INCORPORATION OF COMPANY IN MALAYSIA
As what we have discussed before, the law relating to incorporation of a company in Malaysia is governed by the Malaysian Companies Act, 1965. As per the act any company doing business or wishing to do business in Malaysia must register with the Companies Commission of Malaysia (CCM) under the Companies Act 1965. CCM or Suruhanjaya Syarikat Malaysia is the government body that governs the implementation of the Companies Act 1965 including the registration of a new company.

PROCEDURE FOR INCORPORATION
Companies can be registered as a local or foreign company. A local company can be either a (1) private company or (2) a public company. Most companies registered are local private company.

A) REGISTERING A LOCAL PRIVATE COMPANY
To register a local private Company will basically involve 2 stages i.e.
Stage 1: Name Search Application
Stage 2: Registration of Incorporation Documents
In Malaysia, all companies must have at least a company secretary as an official of the company. Only certain group of professional and people are allowed to act as company secretary under the Companies Act, 1965. As such, one usually registers a company through company secretary companies or audit firms or legal firms

Stage 1: Name Search Application
The first step in incorporating a new company is to determine if the proposed company name is available. A proposed name may not be available/allowed due to the following:
a) it resemble or may be mistaken for a name of any other existing company(unless letter of consent signed by a director and a secretary is provided); or
b) it falls under those specifically disallowed by the CCM.
The Minister of Domestic Trade and Consumer Affairs has directed the CCM not to accept the following names for registration as the name of any company or a foreign company unless the prior approval of the Minister is obtained:

  1. Names suggesting connection with a crown member of the Royal Family or Royal patronage including names containing such words as Royal, King, Queen, Prince, Princess, Crown, Regent Imperial;
  2. Names suggesting connection with a State or Federal Government department, statutory body, authority or government agency or any municipality or other local authority including names containing such words as Federal, State, National;
  3. Names suggesting connection with any ASEAN, Commonwealth or foreign government or with the United Nations or with any other international organization or cartel including names containing such words as ASEAN, UNESCO, NATO, EEC, OPEC;
  4. Names suggesting connection with any policies, party, society, trade union, cooperative society or building society;
  5.  Names including the following words or any word of like import:
(a) Are translations of a name of a company or foreign company registered under the Act; or
(b) May resemble or be mistaken for a name of any other company or foreign company registered   under the Act; or
(c) May resemble or be mistaken for a name that is being reserved for the purpose of incorporation of a new company or registration of a foreign company or for the purpose of change of name of a company or foreign company registered under the Act.

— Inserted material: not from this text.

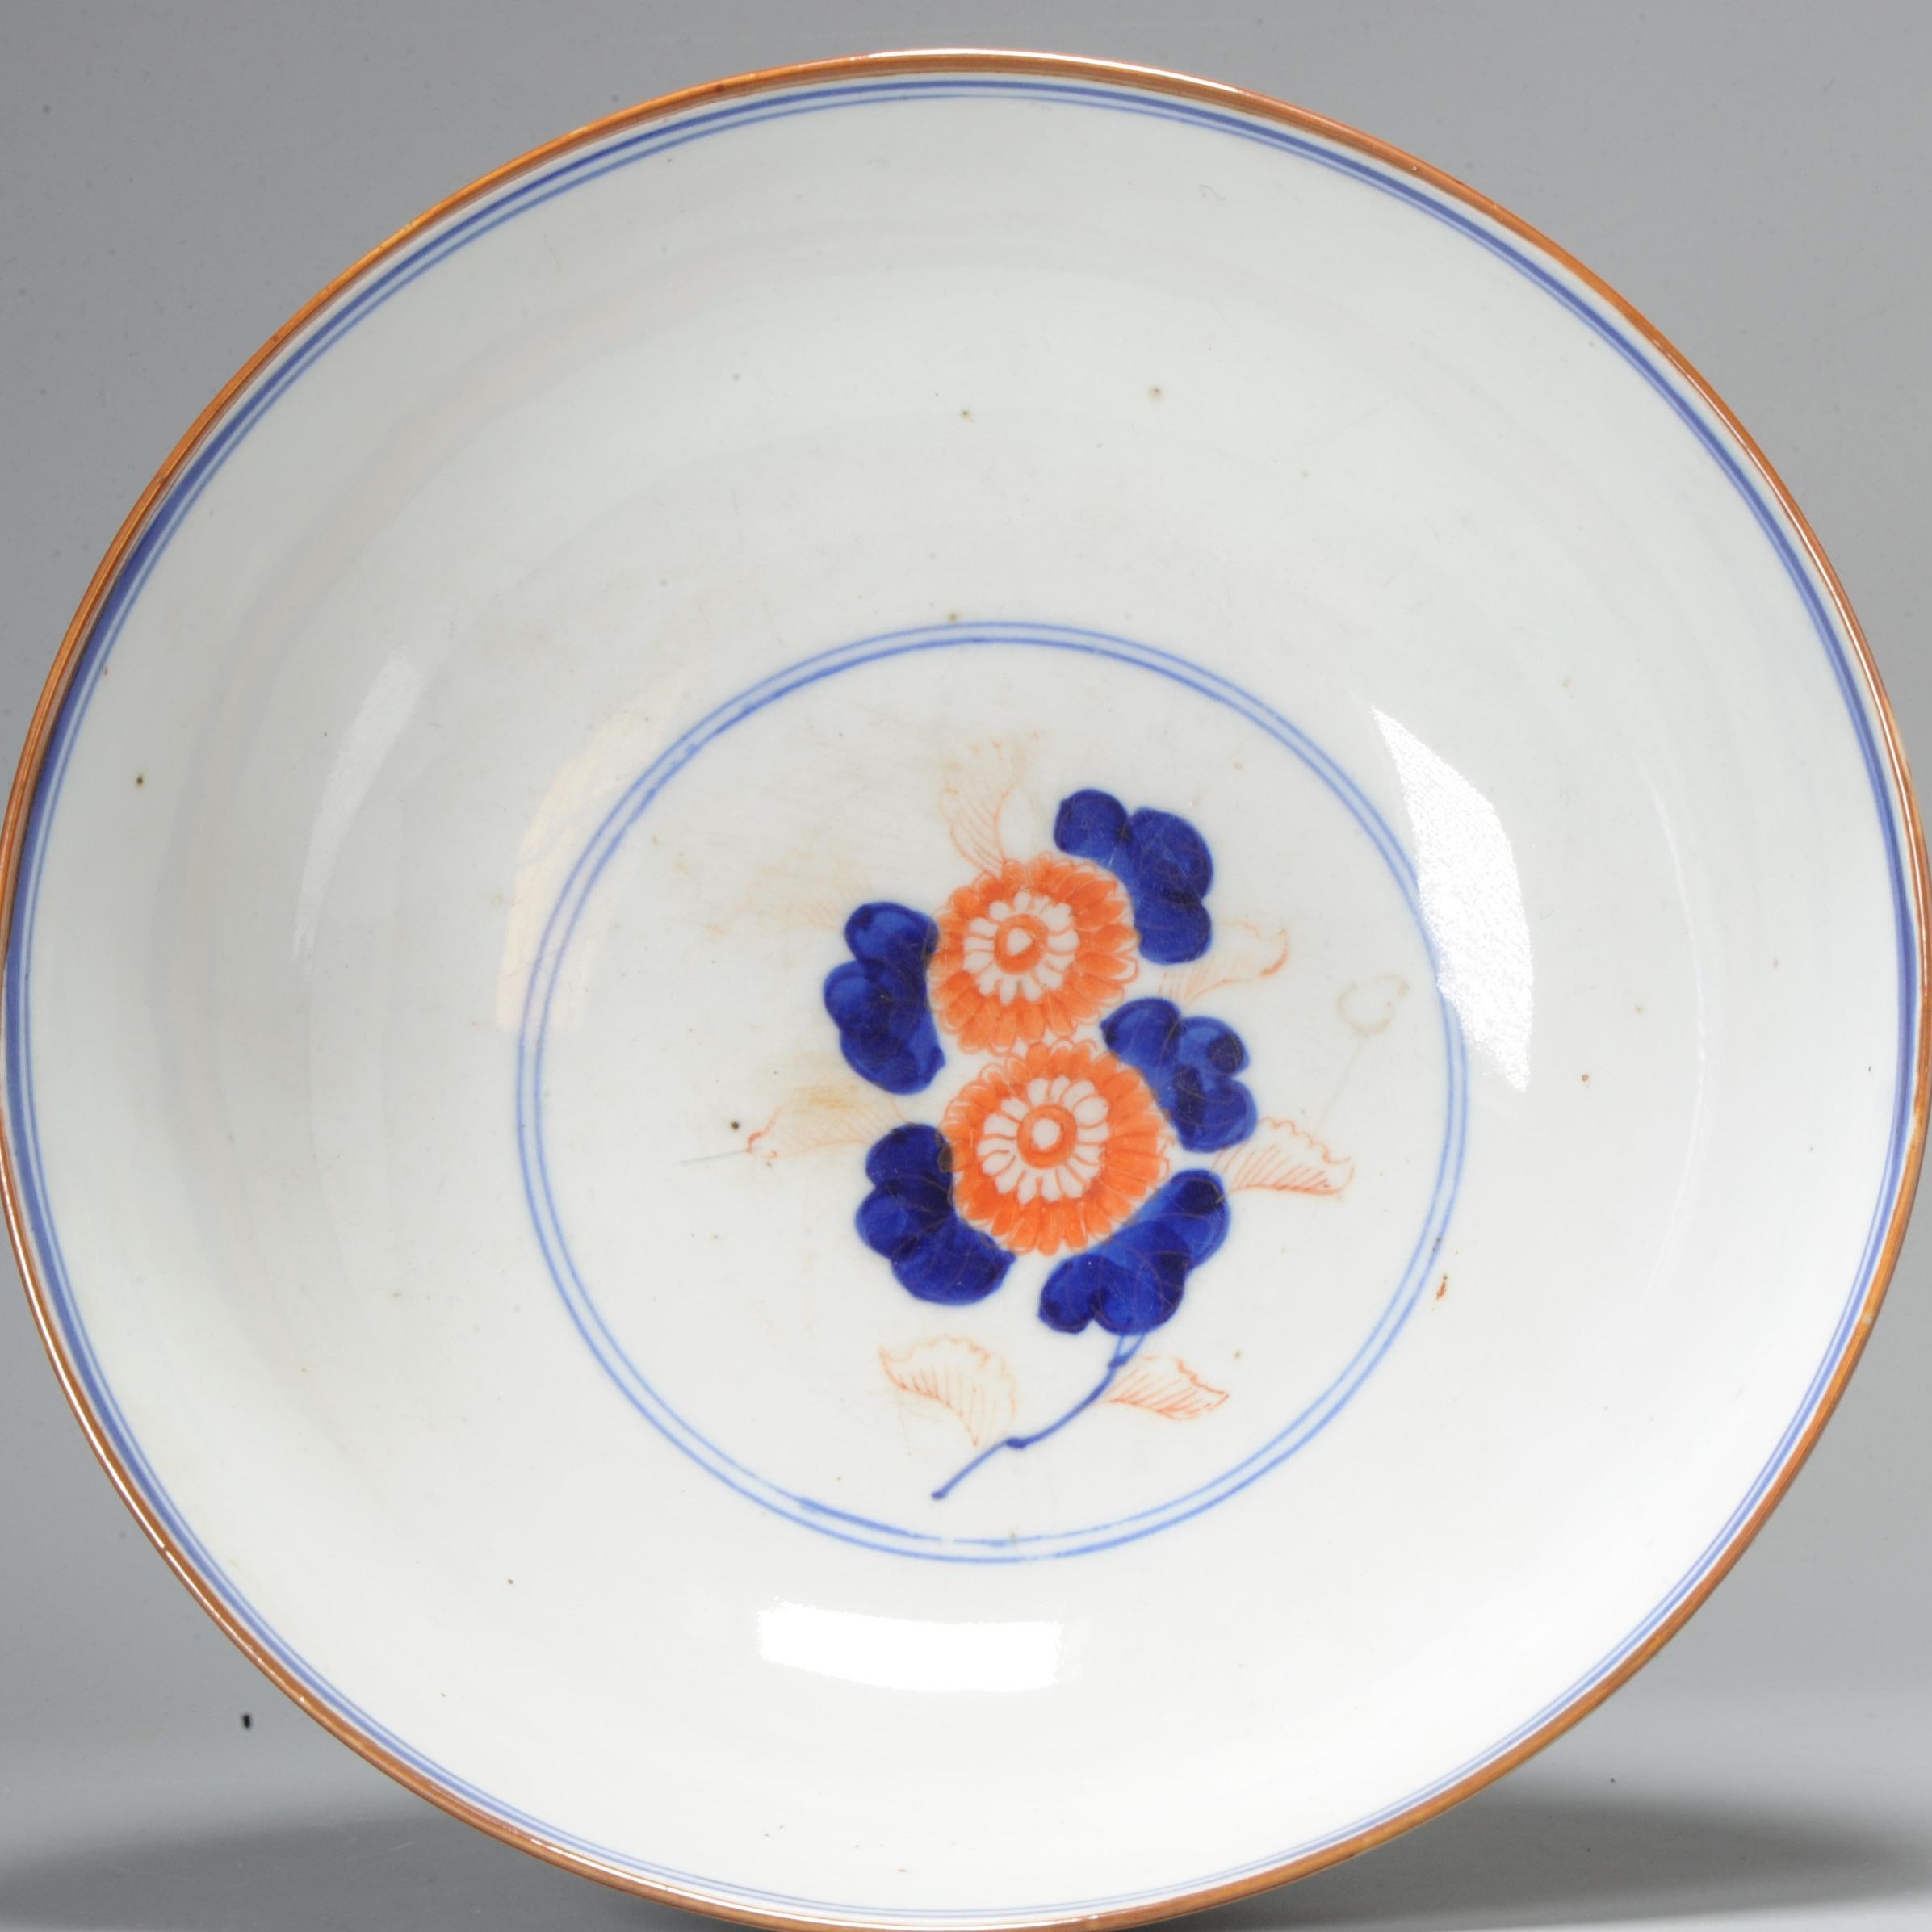 A Beautiful and Large Japanese Porcelain Imari Bowl Japan Antique, 19th Century In Good Condition For Sale In Amsterdam, Noord Holland

      6. Bank, Banker, Banking, Bumiputra, Bureau, Association, Congress, Club, Duty Free, Chamber of Commerce and Industry, Chamber of Manufacturers, Chartered, College, Consumer, Council, Credit, Exchange, Executor, Fair Price, Finance, Foundation, Fund, Guarantee, Institute, Insurance, Investment, International, Leasing, Made in Malaysia, Pioneer, Registry, Treasure, Trust, Unit Trust,University;
     7. The approval of the Marine Department of Malaysia is required for the word ‘Shipping’;
     8. The approval of the Director General of Insurance is required for words such as ‘Insurance’ and ‘Insurance Broker’;
    9.Names including a proper name which is not the name of a director;
    10. Names those are misleading as to the identity, nature, objects or purpose of a company or in any other manner;
    11.Names those are blasphemous or likely to be offensive to members of the public.